**TASK DETAILS**
In the entries below, find the line with "Fieldstone is a" and the line with "F1 GP Germania"; copy them and every line between them exactly, but not the pictures.

**RECORDS PROVIDED**

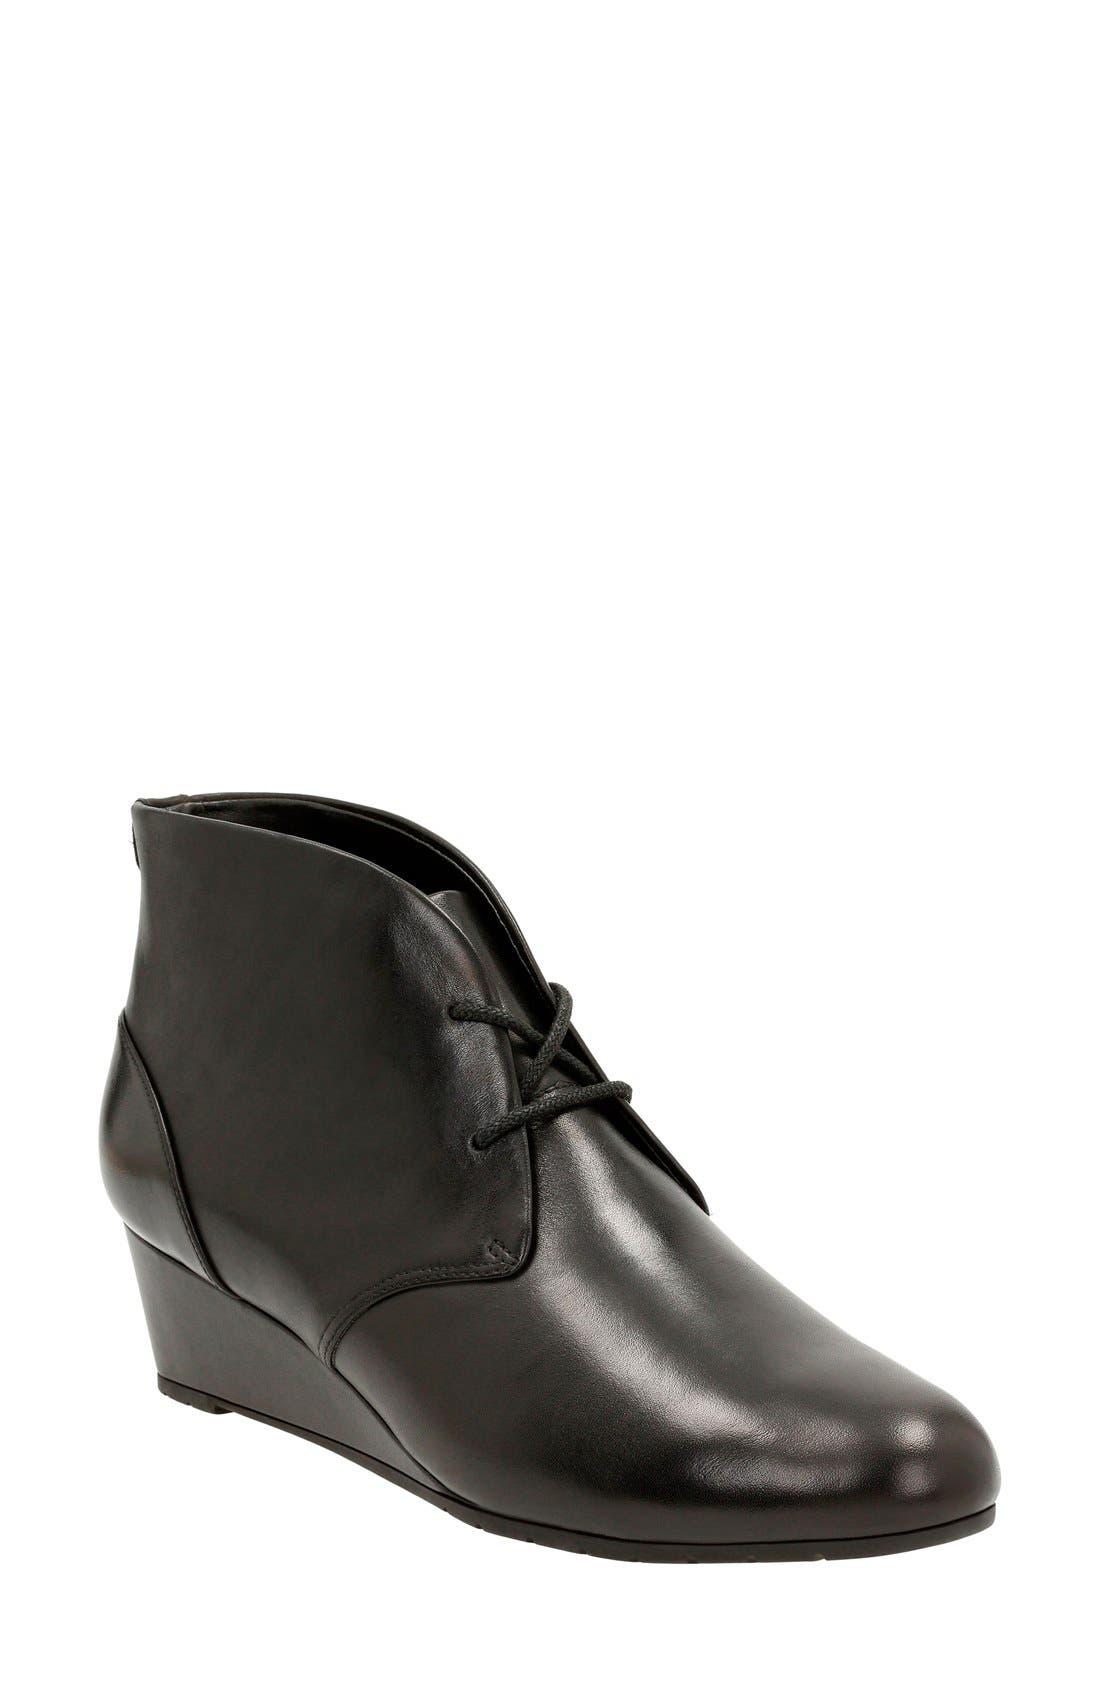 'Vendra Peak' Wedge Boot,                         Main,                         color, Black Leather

==

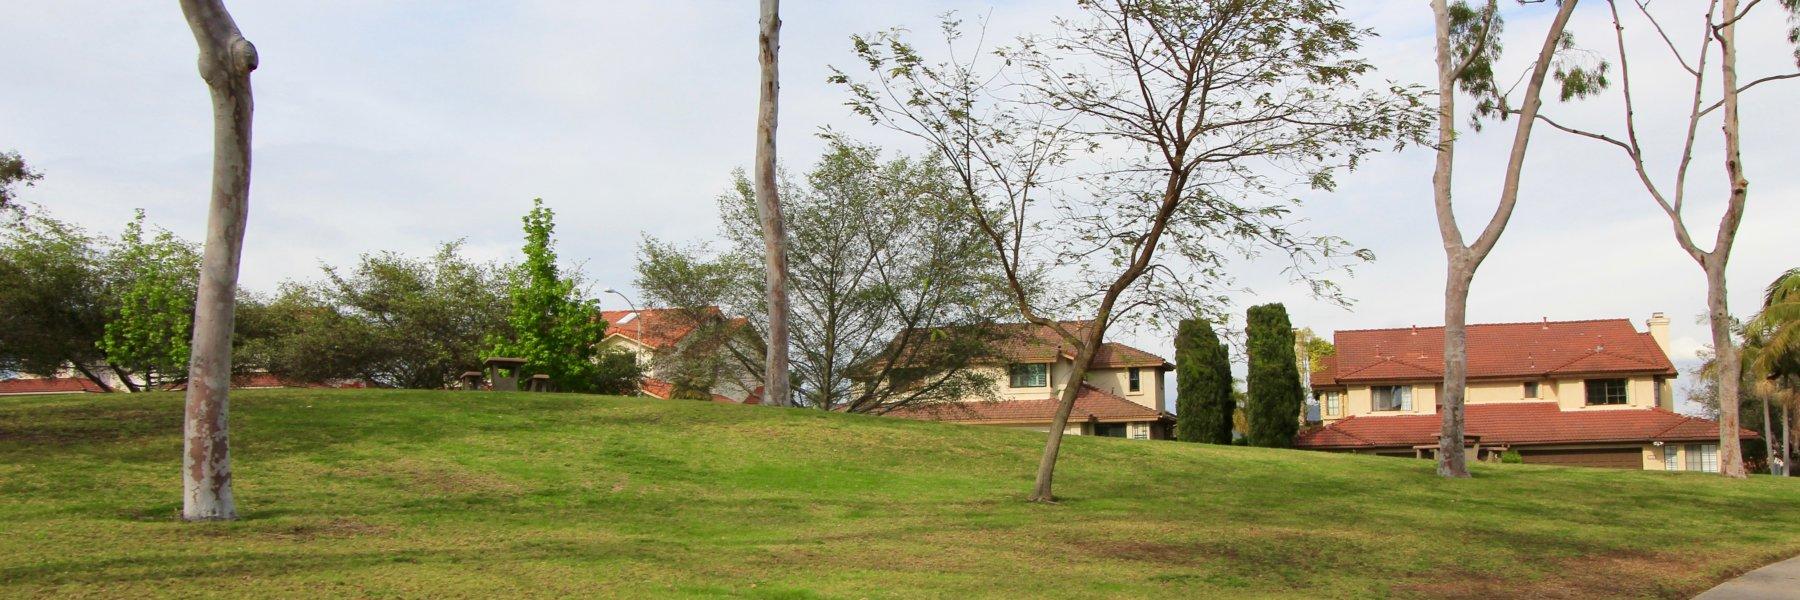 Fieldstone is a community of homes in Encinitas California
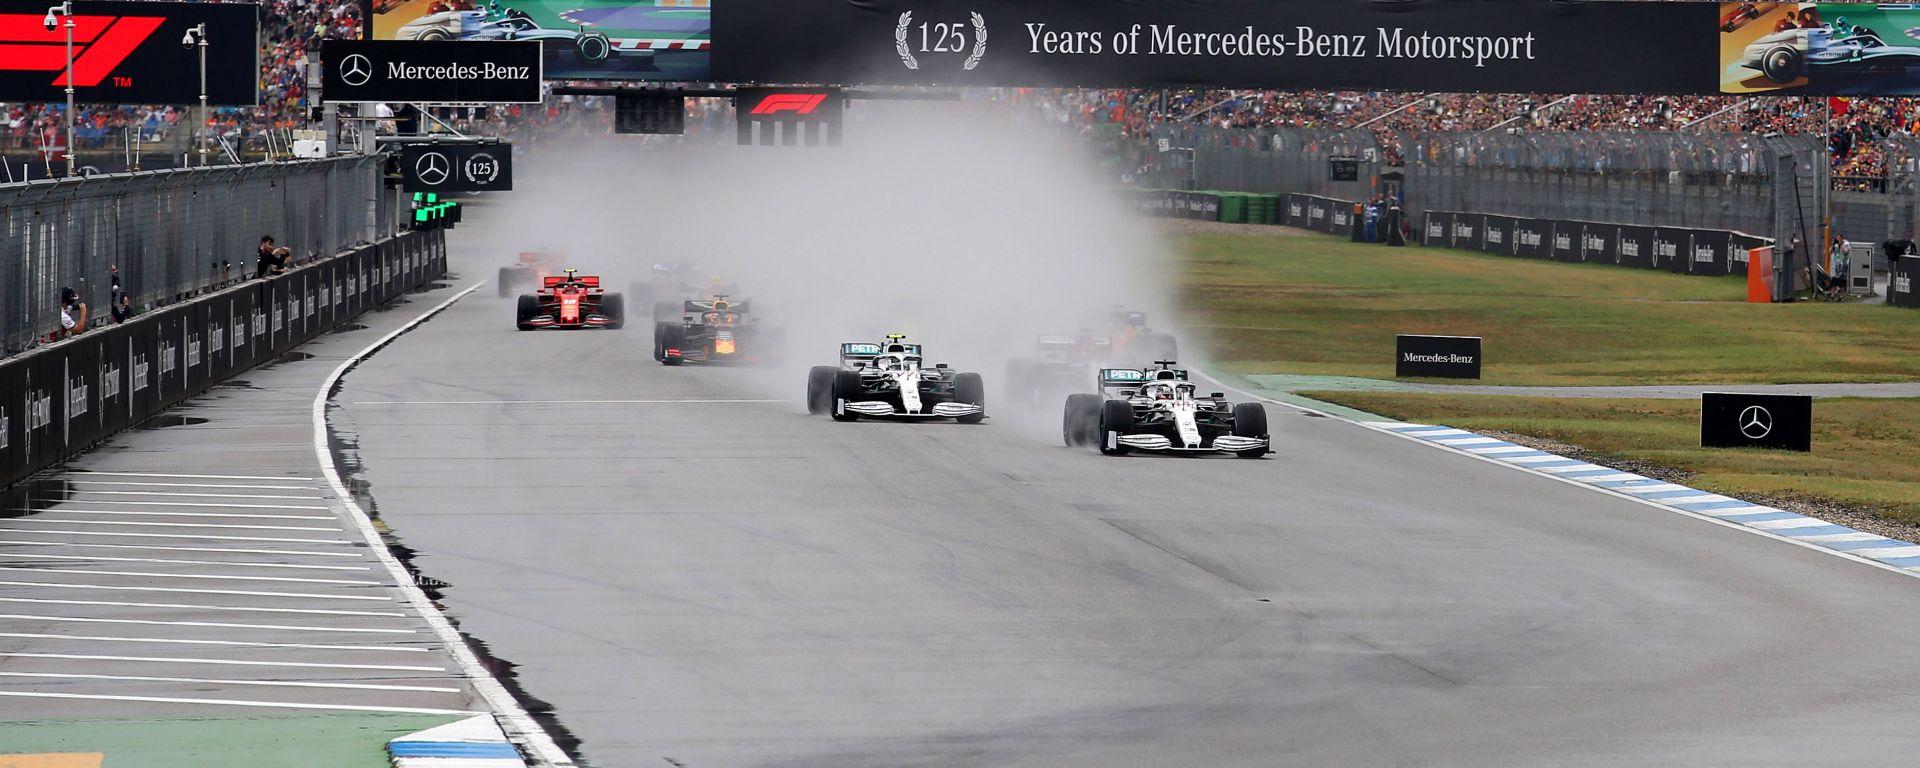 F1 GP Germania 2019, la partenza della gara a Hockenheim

* * *

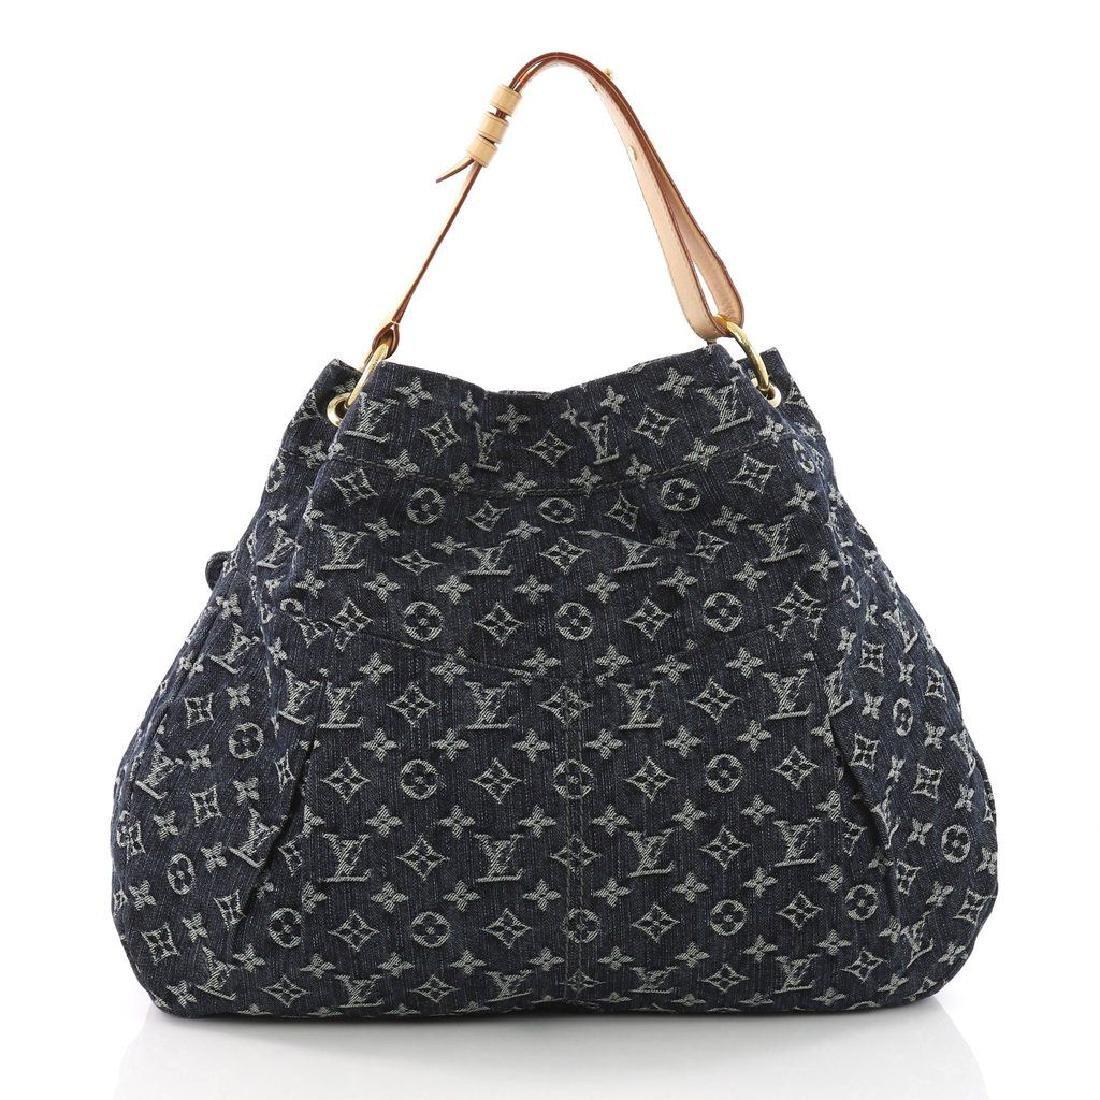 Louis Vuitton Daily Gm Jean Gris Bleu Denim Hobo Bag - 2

**RESULT OF THE EXERCISE**
 Fieldstone is a community of homes in Encinitas California
 F1 GP Germania 2019, la partenza della gara a Hockenheim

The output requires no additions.